If there has ever been a man who has been faced with challenges of opposition both at home and away, then it is King David. First of all his father completely forgot about him when a prophet came calling at their house and enquired of him. Later he was asked to go home and tend to sheep by his brothers when he went to visit them on a battlefield. Then he had to kill a giant to prove he was not a dog like he was referred to. He later had to flee his home because his father in-law, King Saul wanted to kill him.

There are people like that in the world of work too. You can call them antagonists; they could be your managers, supervisors or colleagues. They are the people who are always in your face for one reason or the other. You sometimes do not know what you did to spot a place on their hit list. It is a little bearable if the person is your colleague, that way, if a problem arises, you can deal with him or her on a level playing field. However, if the “killer” happens to be your supervisor or manager… let’s just say it is a beef you should never attempt to grill.

There have been instances where some people have been forced to quit their jobs because they were antagonised by their colleagues or superior. Yaw a colleague, who faced this kind of challenge during his national service tenure said, “the HR Manager in the company he worked at did not like him because he was ‘’cool’’ with a lady he fancied.” I have also heard stories about ladies who had “she-bosses,” and these bosses were always on their case because it was perceived the ladies were better looking than their bosses. How about the colleague who wants you out of the way so he can have your job? Always snooping around to find a fault so he can snitch. These people can consistently be a pain in the rear if they decide to.

Nevertheless, you should know that the working environment is almost a hundred percentage human resourced. People are not like robots who are programmed to function in a certain way. Working with people means having to deal with all sort of characters that come your way. Not everyone who opposes you is out to get you or has you on a hit list. Some are intimidated either by your persona or your knowledge. Kwabena another colleague said he had a supervisor who was constantly on his case. He would always heckle him with one task or the other. At first he thought the supervisor did not like him but later, he realised it was because the supervisor thought he was a threat to his job. There are some managers also who are obsessed with perfection and would turn you into a deadly prey if you do not do the task they assign you in the right way.

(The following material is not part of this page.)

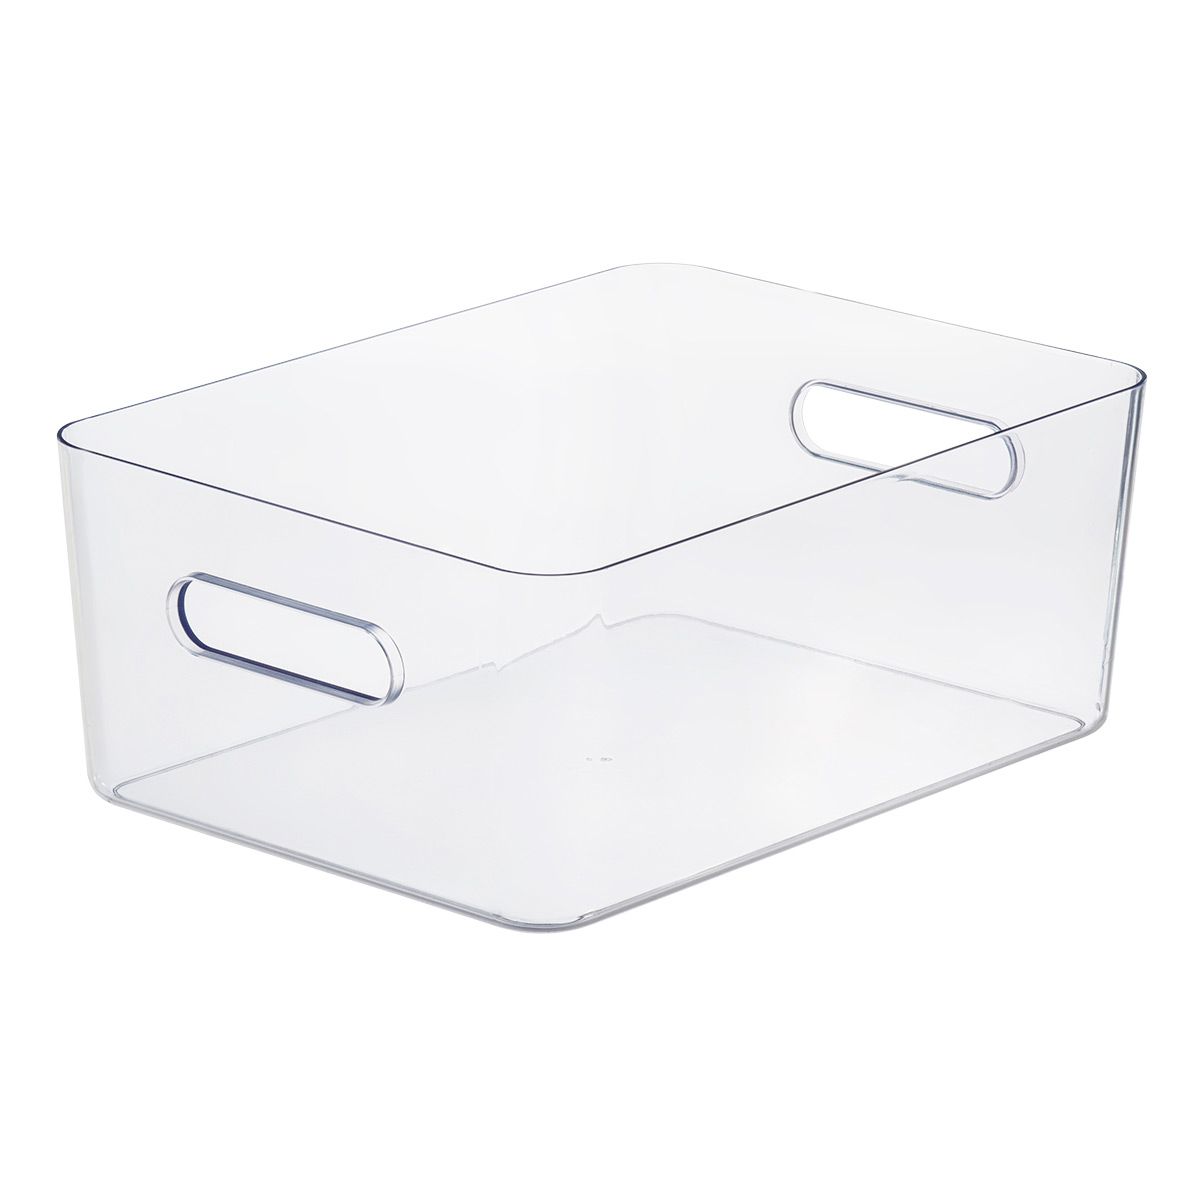 SmartStore Large Compact Plastic Bin w/ Handles Clear | The Container Store

So the big question is, how do you deal with antagonism at the work place? There’s no easy way to handle an antagonist, because they are usually puffed up with a sense of self-importance.  Rather focus on channeling the antagonist’s harsh criticisms into constructive feedback.  If he or she is your colleague, go to your manager and discuss your feelings, so your colleague can be spoken to. In dealing with an antagonistic boss, Robert Mueller, a San Francisco labour lawyer that advises that you approach your bullying problem like you would a project. “Be methodical in how you behave, perform, document and strategize. Take notes after an incident. Try to stay unemotional. Even though he is trying to make you think that you are the cause of the problem, it is the bully who has a serious personal and professional problem.”

If after employing these methods and you are still facing these challenges, then it could be your resignation clock ticking  it is time to move on.